Thread: PITR - warm standby switchover question

PITR - warm standby switchover question

From
Dan Hayes
Date:
I've followed the implementation instructions at 24.4.2:
http://www.postgresql.org/docs/current/static/warm-standby.html

And I've used the archive/restore commands from the example in F23.2:
http://www.postgresql.org/docs/current/static/pgstandby.html

This all works great.  The primary backs up the WAL archives to a mutually accessible folder and the backup system is continuously reading in the logs.  Monitoring the "standby.log" file shows that the system is working as it should.

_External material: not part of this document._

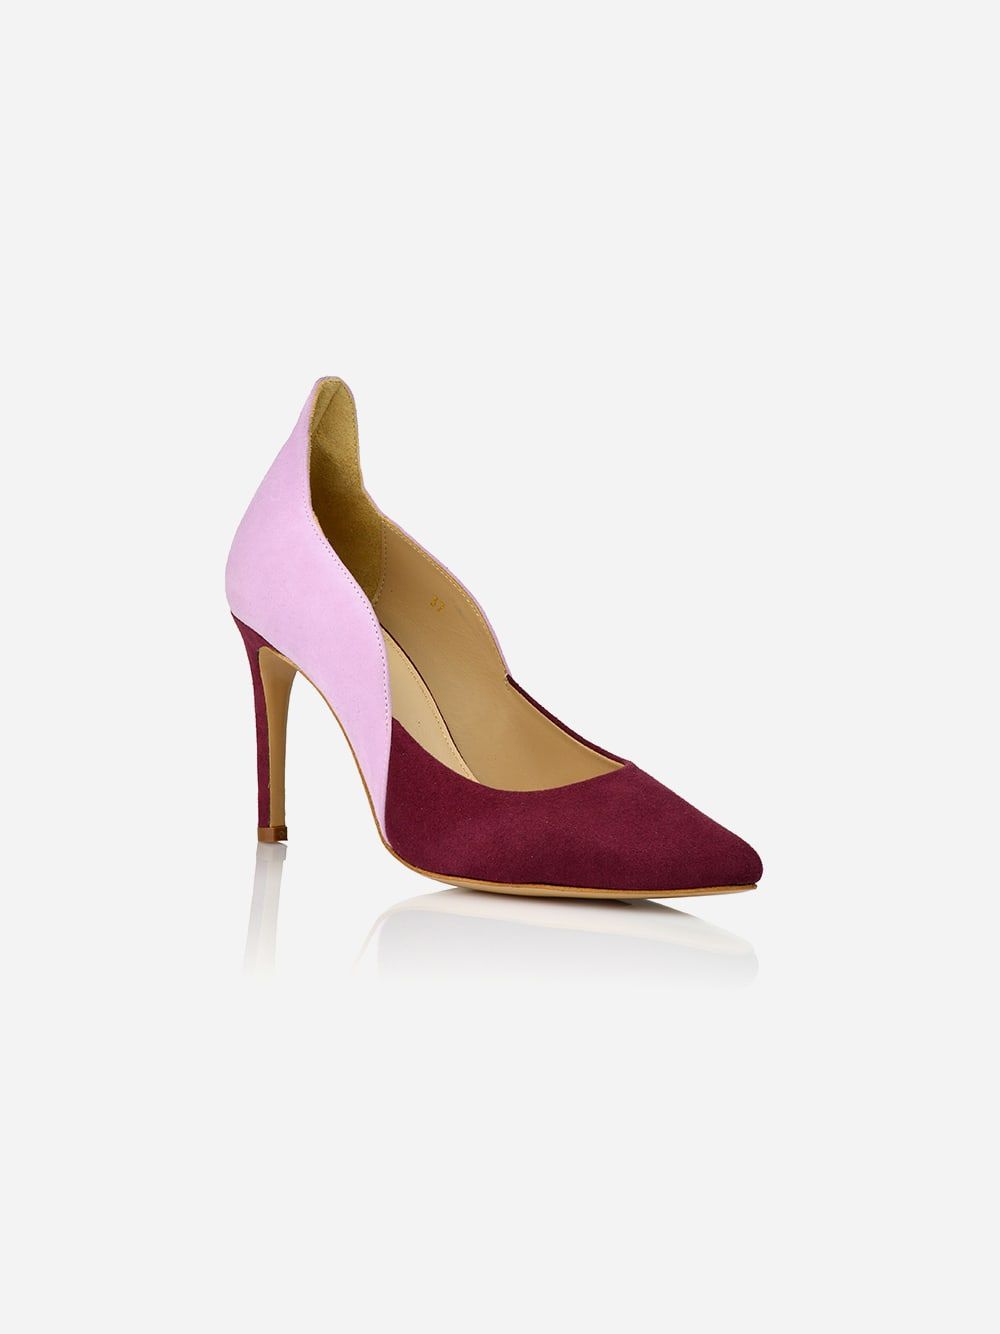 Sapato de Salto Alto Rosa e Bordeaux | JJ Heitor

My question is, if the main system goes down, what do I do to the backup machine to make it come alive?  Currently, when I attempt to login to the database, I get the error: "psql: FATAL:  the database is starting up"  I'm assuming this means it can't be accessed while its in continuous recovery mode.  I attempted to turn off postgresql on the main server and try connecting again, same error (was obvious, but I do things one step at a time...)  So then I removed the "recovery.conf" file on the backup server and attempted to restart postgresql.  It stopped fine, but the restart failed.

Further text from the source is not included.